データ エージェントを構築し、データを使ってチャットする

デベロッパーは、geminidataanalytics.googleapis.com またはリージョン エンドポイントを介してアクセスできる Conversational Analytics API を使用して、人工知能(AI)を活用したチャット インターフェース(データ エージェント)を構築できます。 この API は、自然言語を使用して BigQuery、Looker、データポータルの構造化データに関する質問に回答します。また、QueryData メソッドを使用した AlloyDB、GoogleSQL for Spanner、Cloud SQL、Cloud SQL for PostgreSQL からのデータクエリもサポートしています。

Conversational Analytics API を使用すると、データ エージェントにビジネス情報とデータ(コンテキスト)を提供し、SQL、Python、可視化ライブラリなどのツールへのアクセス権を付与できます。 これらのエージェントの回答はユーザーに表示され、クライアント アプリケーションによってログに記録されるため、シームレスで監査可能なデータチャット エクスペリエンスを実現できます。

Gemini for Google Cloud がデータを使用する方法とタイミングに関する説明をご覧ください。

Conversational Analytics API を使ってみる

Conversational Analytics API の使用を開始する前に、次のドキュメントで利用可能な統合アプローチと基本的なコンセプトを確認してください。

データ エージェントの構築を開始するには、設定と前提条件のドキュメントの手順を完了します。
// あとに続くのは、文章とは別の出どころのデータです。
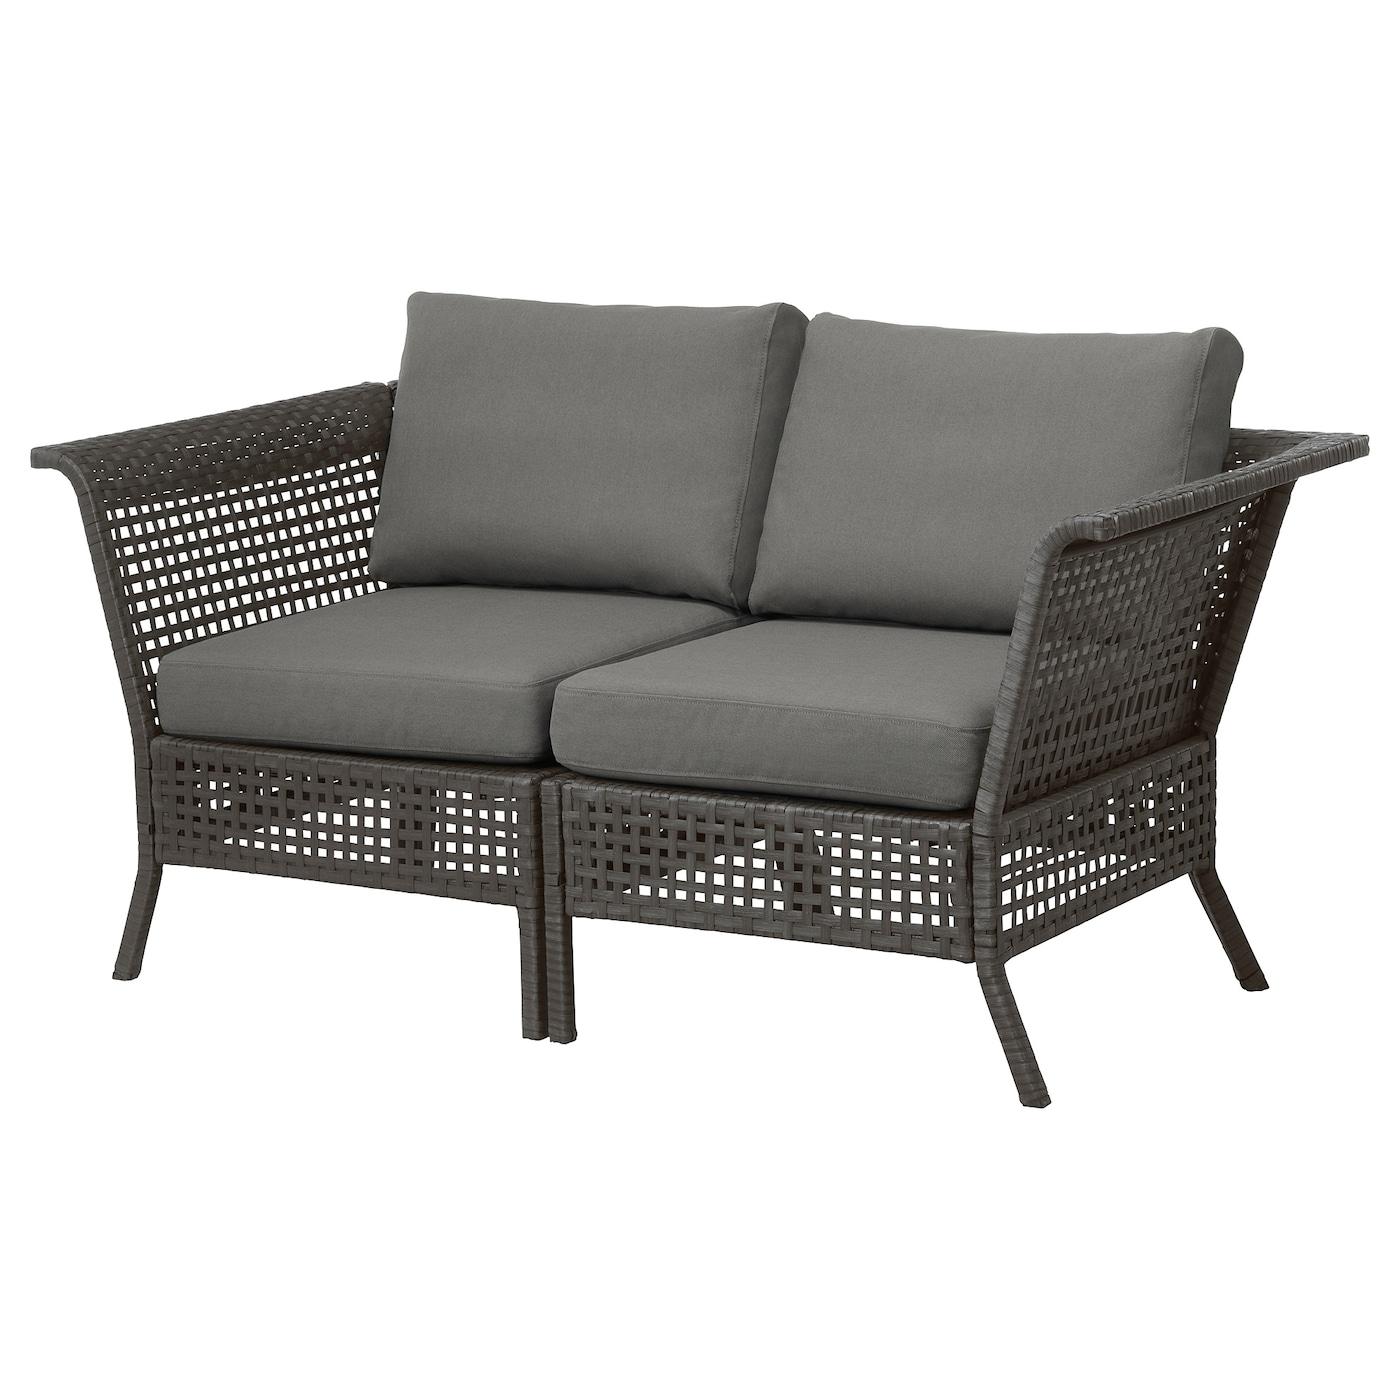 Ikea outdoor sofas ireland dublin for Ikea outdoor sofa

ガイド付きチュートリアル、サンプル アプリケーション、SDK、その他の開発ツールについては、Conversational Analytics API のチュートリアル、デモ、ツールをご覧ください。

設定と前提条件

API またはサンプルを使用する前に、次の手順を完了します。

  • Conversational Analytics API を有効にする: Conversational Analytics API を有効にするための前提条件について説明します。
  • IAM によるアクセス制御: Identity and Access Management を使用してデータ エージェントへのアクセスを共有および管理する方法について説明します。
  • データソースの認証と接続: API の認証と、BigQuery、Lakehouse、Looker、データポータル、Cloud Databases データ(AlloyDB、GoogleSQL for Spanner、Cloud SQL、Cloud SQL for PostgreSQL)への接続の構成手順について説明します。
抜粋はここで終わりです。